P.S。当我 运行 代码 python 给我这个警告时:
PerformanceWarning: Non-vectorized DateOffset being applied to Series or DatetimeIndex
warnings.warn(
其实我找到了一个方法,它利用了np.busday_offset
def other(df):
nyse = mcal.get_calendar('NYSE')
holidays = nyse.holidays().holidays
# check out the docs for how to adjust roll to your preference
result = np.busday_offset(df["date"].values.astype('datetime64[D]'),
[-1], roll= "forward", weekmask= "1111100", holidays= holidays)
return result
在创建一个包含 10,000 行随机日期的 df 并将其传递给您的 other
函数之后。速度从
Stat(s) for 10 execution(s) of yours:
mean: 893.01282 ms
median: 883.1989 ms
stdv: 83.3837 ms
max: 1134.7835 ms
min: 760.0869 ms
至:
Stat(s) for 10 execution(s) of other:
mean: 278.60783 ms
median: 274.44165 ms
stdv: 27.9785 ms
max: 330.3079 ms
min: 235.4329 ms
并使用您的代码:
data1_txt = """
date
7/8/2021
7/6/2021
6/29/2021
"""
df = pd.read_fwf(io.StringIO(data1_txt))
df['date'] = pd.to_datetime(df['date'])
def yours(df):
nyse = mcal.get_calendar('NYSE')
holidays = nyse.holidays()
holidays = list(holidays.holidays)
US_BUSINESS_DAY = CustomBusinessDay(holidays=holidays)

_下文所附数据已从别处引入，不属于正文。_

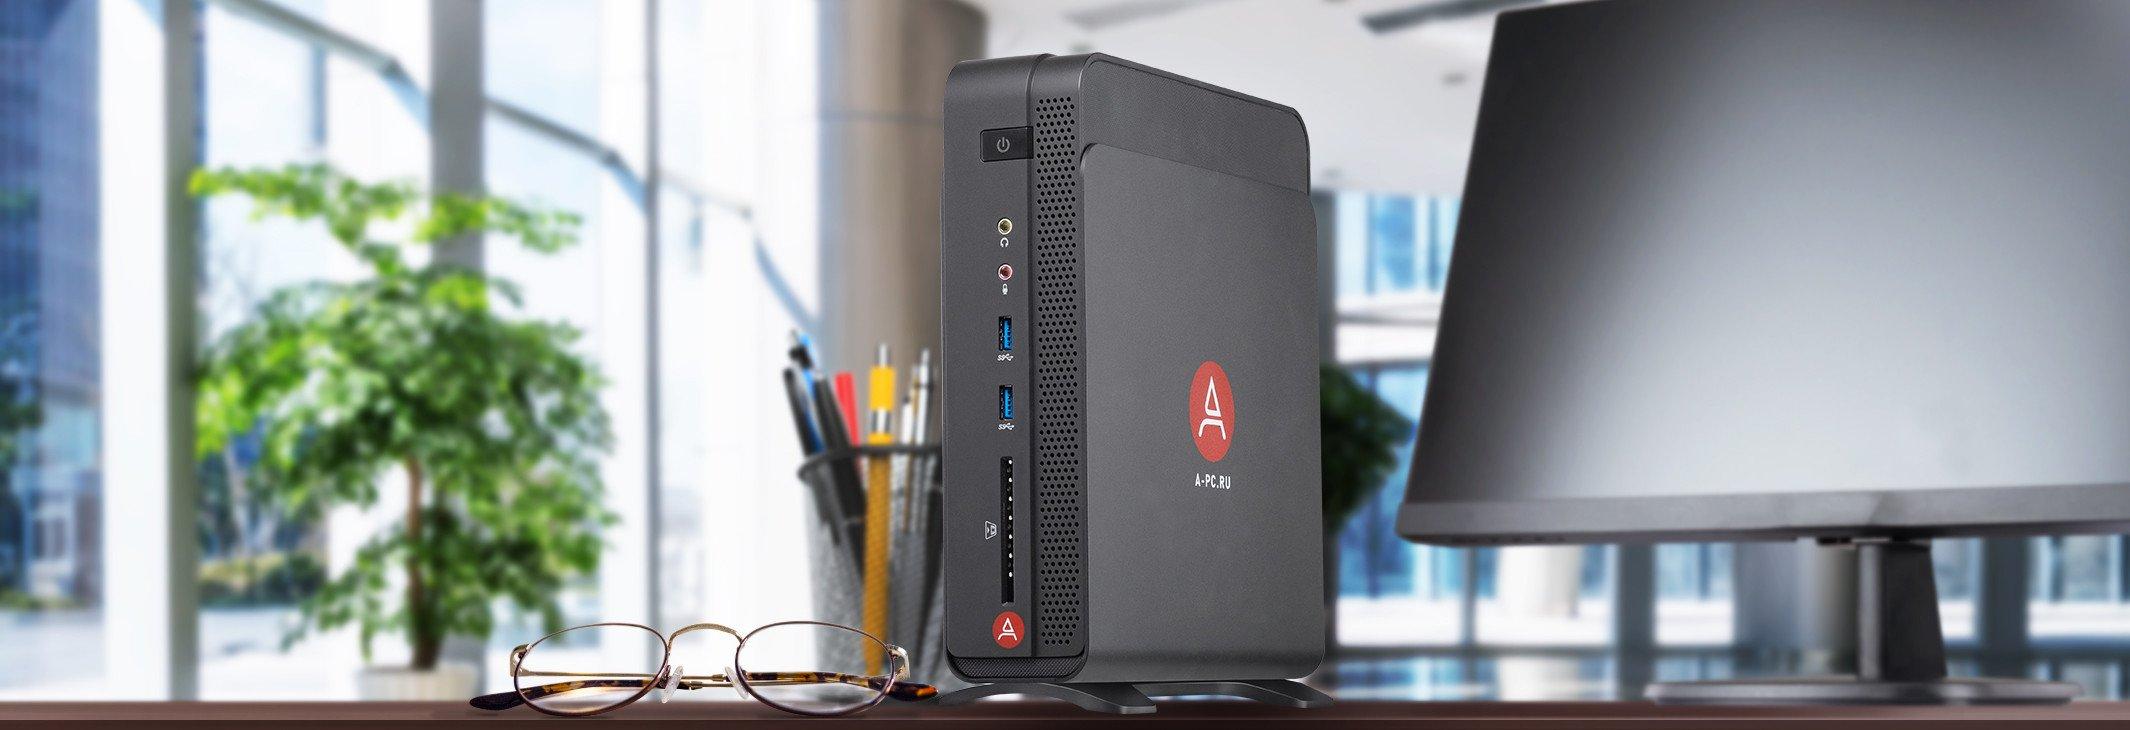 Компьютер-А

result = df['date'] - 1 * US_BUSINESS_DAY
return result
display(yours(df), other(df))
>>>
0 2021-07-07
1 2021-07-02
2 2021-06-28
Name: date, dtype: datetime64[ns]
array(['2021-07-07', '2021-07-02', '2021-06-28'], dtype='datetime64[D]')
我有这个df
data1_txt = """
date
7/8/2021
7/6/2021
6/29/2021
"""
我需要获取前一个交易日。我设法用 pandas_market_calendars
python 包来做到这一点。这是我的全部代码
import io
import pandas_market_calendars as mcal
from pandas.tseries.offsets import CustomBusinessDay
import datetime
import pandas as pd
data1_txt = """
date
7/8/2021
7/6/2021
6/29/2021
"""
df = pd.read_fwf(io.StringIO(data1_txt))
df['date'] = pd.to_datetime(df['date'])
nyse = mcal.get_calendar('NYSE')
holidays = nyse.holidays()
holidays = list(holidays.holidays)
US_BUSINESS_DAY = CustomBusinessDay(holidays=holidays)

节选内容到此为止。